True to his position, Fox is an extremely efficient fighter with fast attacks, excellent comboing and damaging ability, long recovery options, and numerous approaching methods boasting some of the best neutral game options among the entire cast. He has KO options and setups at a wide variety of percentages, and his high falling speed makes him resilient to vertical KOs. His aerial game also includes several low-lag yet effective and powerful moves to complement his ground game, especially when SHFFL'd, and is incredibly effective at approaching and edgeguarding. Fox's main tool in his success, however, is his Reflector (also known as the shine), which is one of the most versatile tools in the game.

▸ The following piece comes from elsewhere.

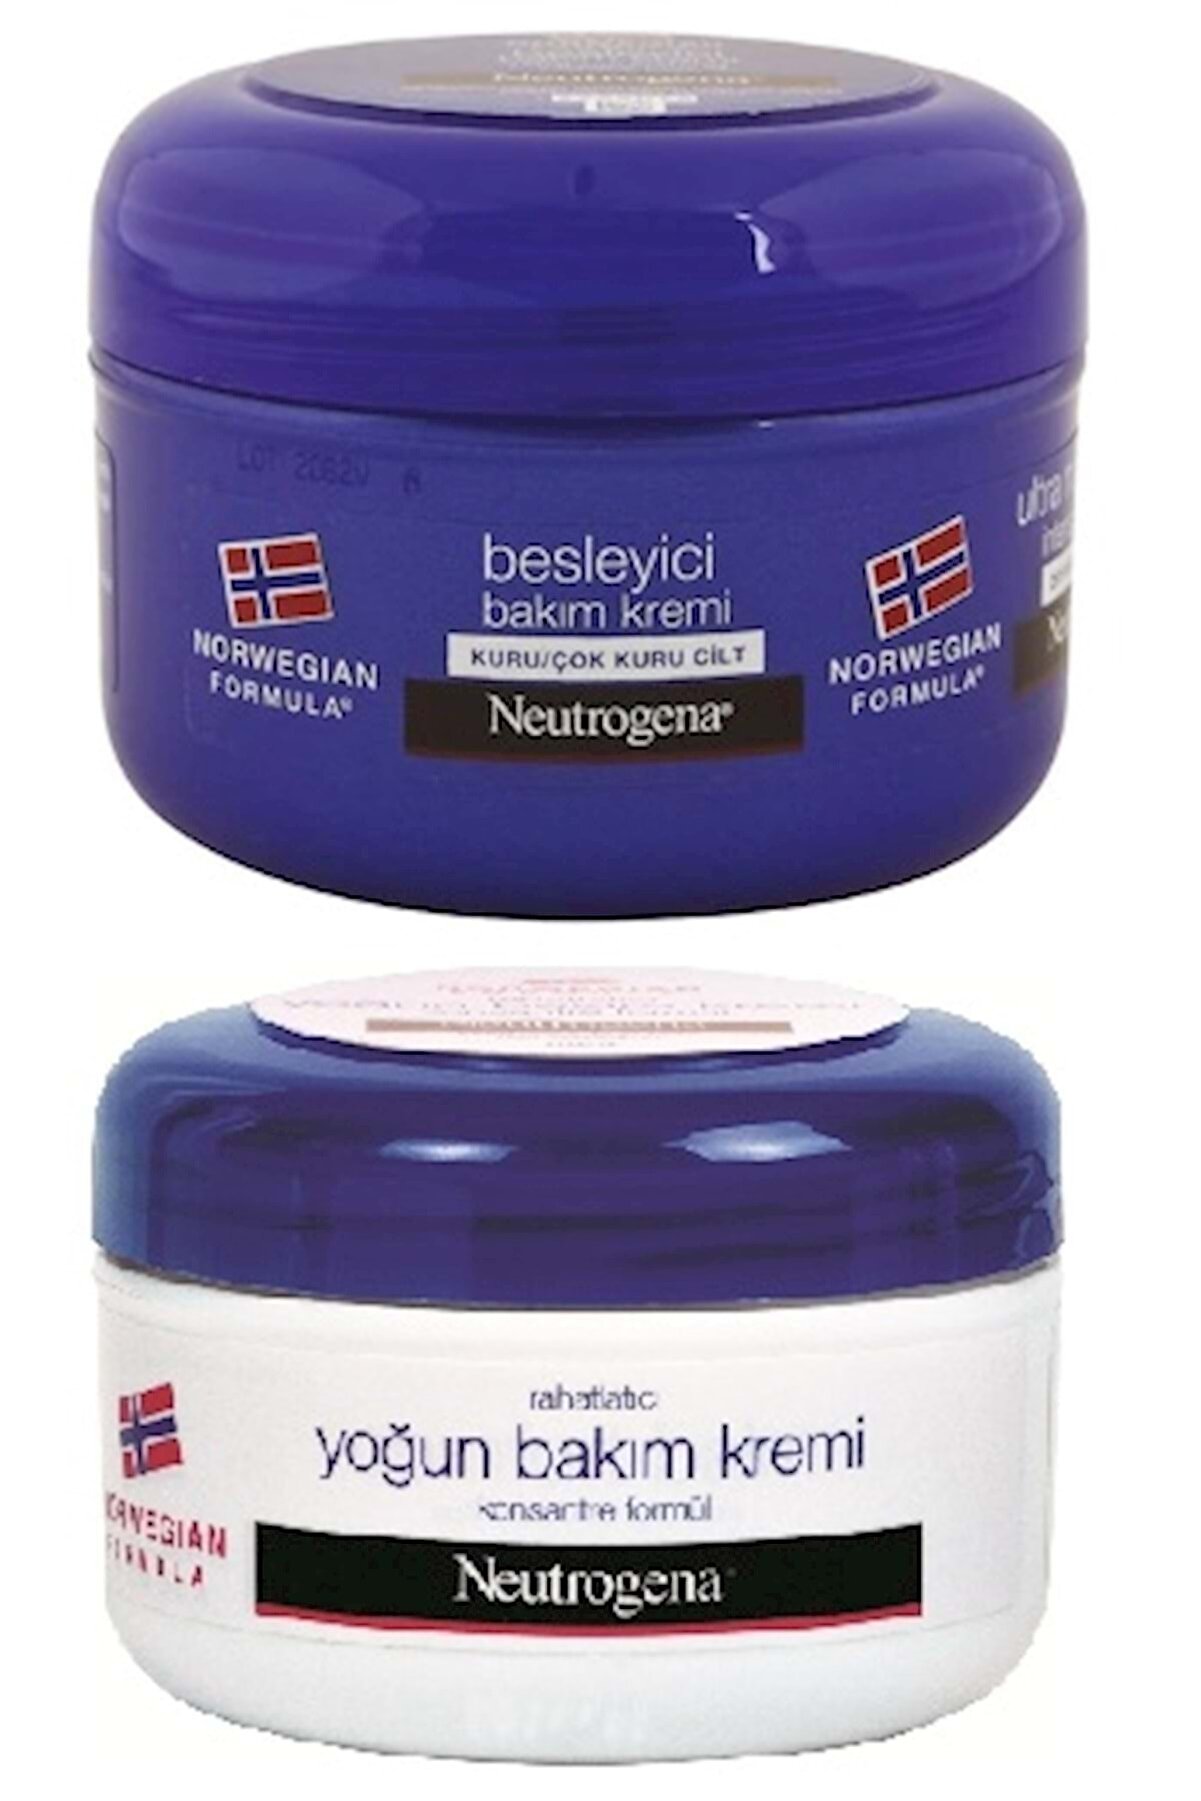 Neutrogena Norveç Formülü Bakım Kremi (karma 2 Li Set Besleyici  Ve Yoğun) 200 ml

Aside from its intended purpose, the Reflector activates on frame 1 (making it the fastest move in the game), has set knockback, and can be jump canceled; this allows for shine spike gimps, neutral stance resets, getup option mixups, and even combos when wavedashing is incorporated.
Despite being top tier, Fox is not flawless. His high falling speed makes him very easy to combo and chaingrab off of a single conversion from the opponent, and his light weight can result in extremely early horizontal KOs if the player's DI is poor. Although he boasts a very long recovery distance, he only has linear recovery options, which makes it easier for certain characters like Marth to predict his recovery path and edgeguard or gimp him. Fox also has an extremely high technical learning curve, as most of his techniques require extremely nimble fingers and fast reaction time. Also, due to his aforementioned flaws, Fox is considered to be a glass cannon, where he could lose a stock if a single mistake is made, giving him a high cerebral learning curve. So while Fox has incredible fighting process and potential, many consider Fox to be arguably the hardest character to play as and master, requiring a lot of practice.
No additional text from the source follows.